Architecture

How to build agentic systems

Where this is coming from

For the last few months, I have been working with agentic systems, both at work and on personal projects. Matato is one of those projects, and it’s where a lot of the ideas below were stress-tested. This post is a dump of what stuck.

The single most useful thing I want to share is the mental model I ended up with for the architecture: there are basically two shapes, or flavours, of agentic systems.

Two shapes: fat agents and microagents

On one side you have what I call fat agents (or big agents): a single, strong agent harness with access to tools, skills, MCPs, and the ability to plan, split work, and execute on its own. On the other side you have microagents: small, single-purpose LLM calls wired together in a deterministic chain.

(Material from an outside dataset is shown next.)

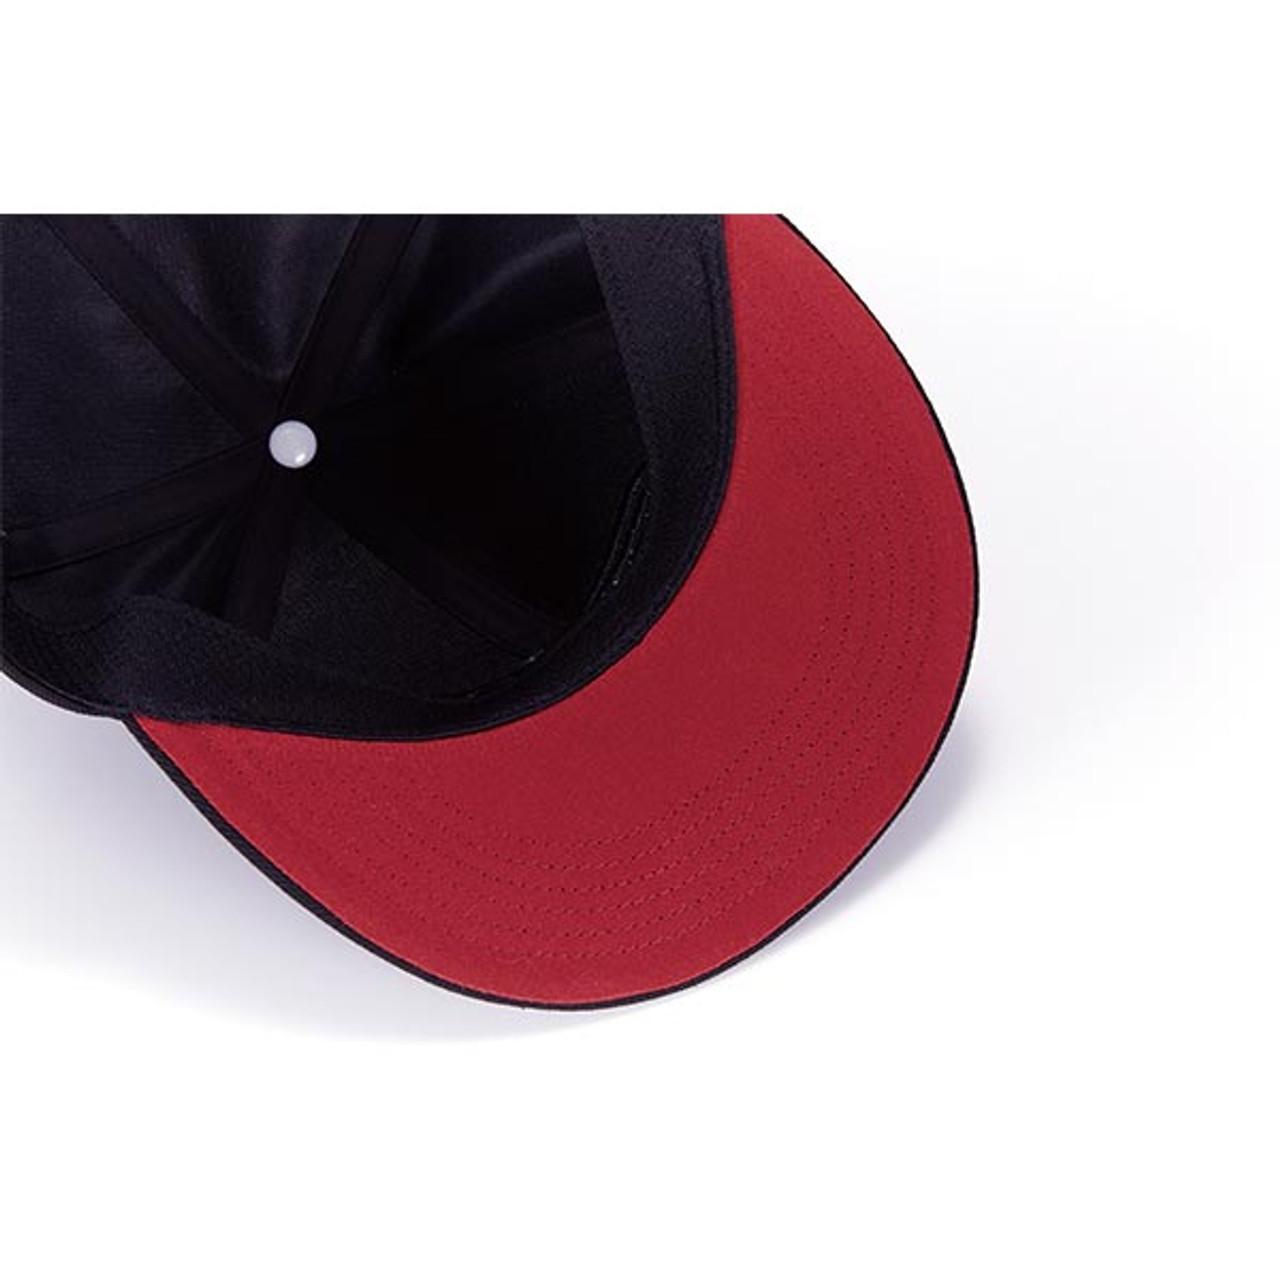 STI Flat Cap STSG18100420 under visor front at AVOJDM.com

They are not competing designs. They solve different problems. And I’ve come to the conclusion that it must be a design decision you make up front.

Fat agents

A fat agent is the kind of thing you already know from Claude Code, Codex, Pi, or DeepAgents. It is one big “brain” with access to tools and skills, capable of taking an ambiguous task, talking to the user, producing a plan, and acting on it. Some of these even nest other harnesses: Pi can drive Codex, for example.

What they are generally good at is working through complex systems or complex workflows. Think of an agent that needs to use tools, skills, and MCPs together to complete a piece of work. It can go through a series of steps — planning, orchestration, and a lot of back-and-forth to complete the task. On top of these, you can build custom solutions, mostly in plain English: instead of writing programmatic solutions, you write instructions. Examples of this are OpenClaw and Hermes, and you can take a look at Matato as well.

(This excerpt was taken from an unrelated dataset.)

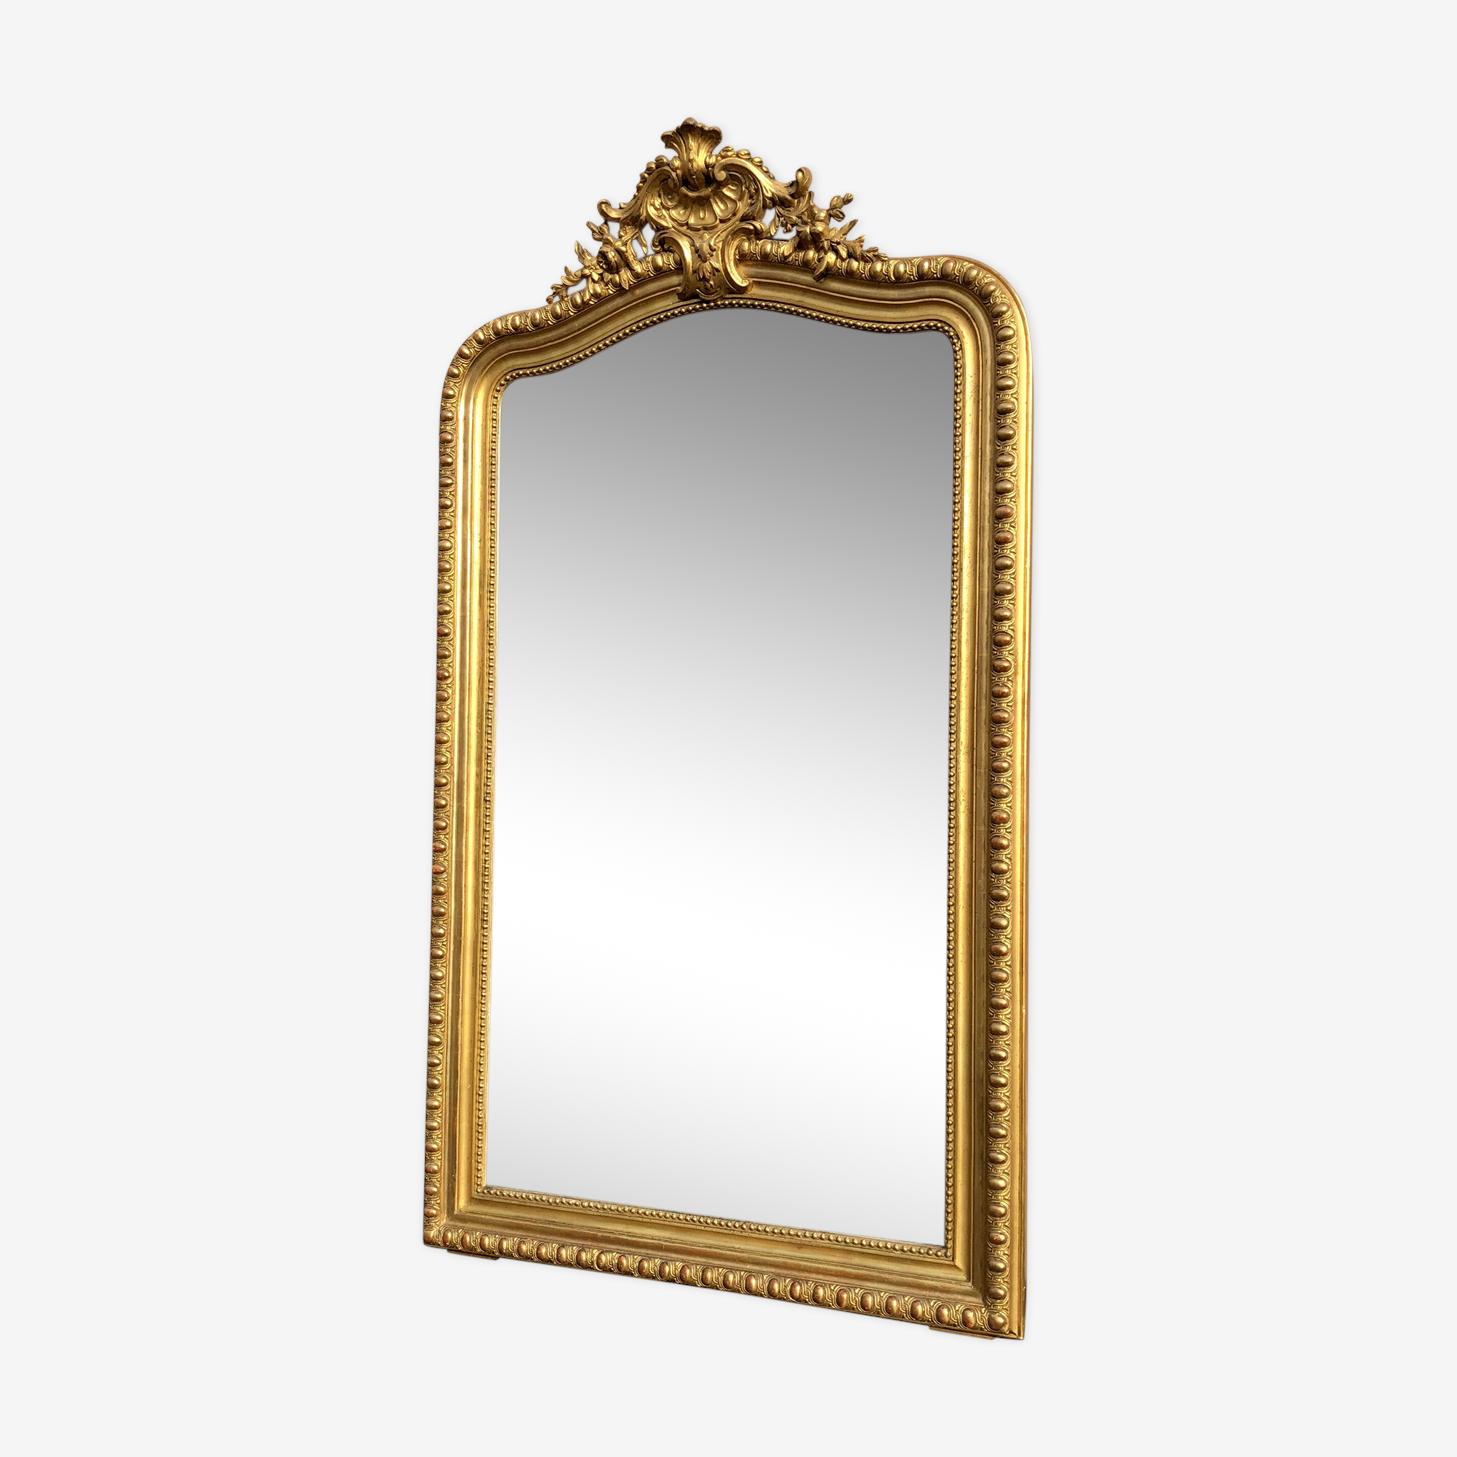 Large mirror 150 x 85 CM former gilding sheet d gold napoleon III

I do have to say, though, that the main downside is that they are really expensive. These kinds of agents or assistants consume a lot of tokens because they rely heavily on reasoning, and all those exchanges produce a lot of content the agent has to consume in turn. Another issue is latency — getting an answer can be pretty slow. One of the challenges I ran into with Matato is that I wanted quick feedback, fast turnarounds with the agent. Having all these tools and possible scenarios available made the agent slow, since it had to reason through every single output.

Microagents

Microagents are more like plain LLM calls: no tool calls, no skills, no memory, nothing beyond the main prompt. The trick is that when the workflow itself is concrete and deterministic, you can drop an LLM inside it without losing that determinism. LLMs are not deterministic machines, but the architecture around them can make them behave like one.

This is the approach I used for QuickNote. It’s a chain of small agents, each with a short, focused prompt, each talking to a small OpenAI model with one simple tool — nothing more. The agents run in sequence:

  1. A grammar agent
  2. A metadata agent
  3. A title agent
  4. A Summary agent
  5. A Summary agent
  6. A Room agent
  7. A Topic agent

The output of each one feeds the next. Because every step is small and constrained, the end result is stable: no matter how many times I run it, the results tend to be quite similar, which wasn’t the case with the fat agent attempt.

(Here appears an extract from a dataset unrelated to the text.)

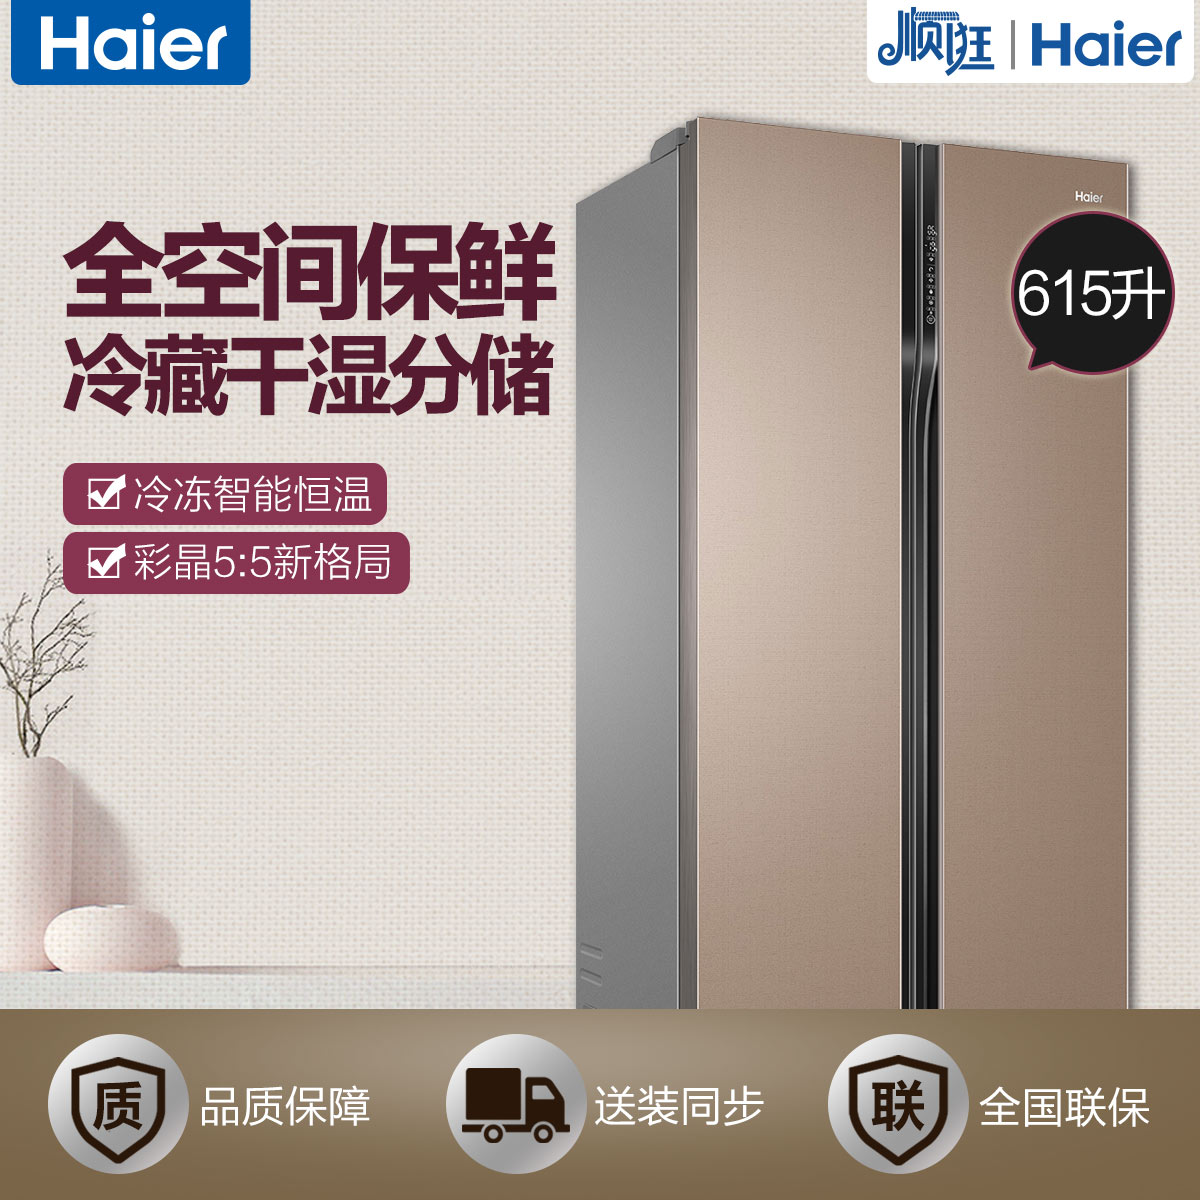 Haier/海尔             冰箱             BCD-615WDCZ

They are good because you keep the context and the control. The input is deterministic, and the output is deterministic too. The downside is that these things are not smart. They don’t really think — they’re good for classification, for deterministic transformations, for summarisation, and things like that, but nothing fancy like coming up with new ideas or novel solutions.

When to reach for which

The rough heuristic I’ve landed on:

  • Use a fat agent when the task is ambiguous, exploratory, or needs planning and judgement across multiple steps.
  • Use microagents when the workflow is well understood and you want the same result every time.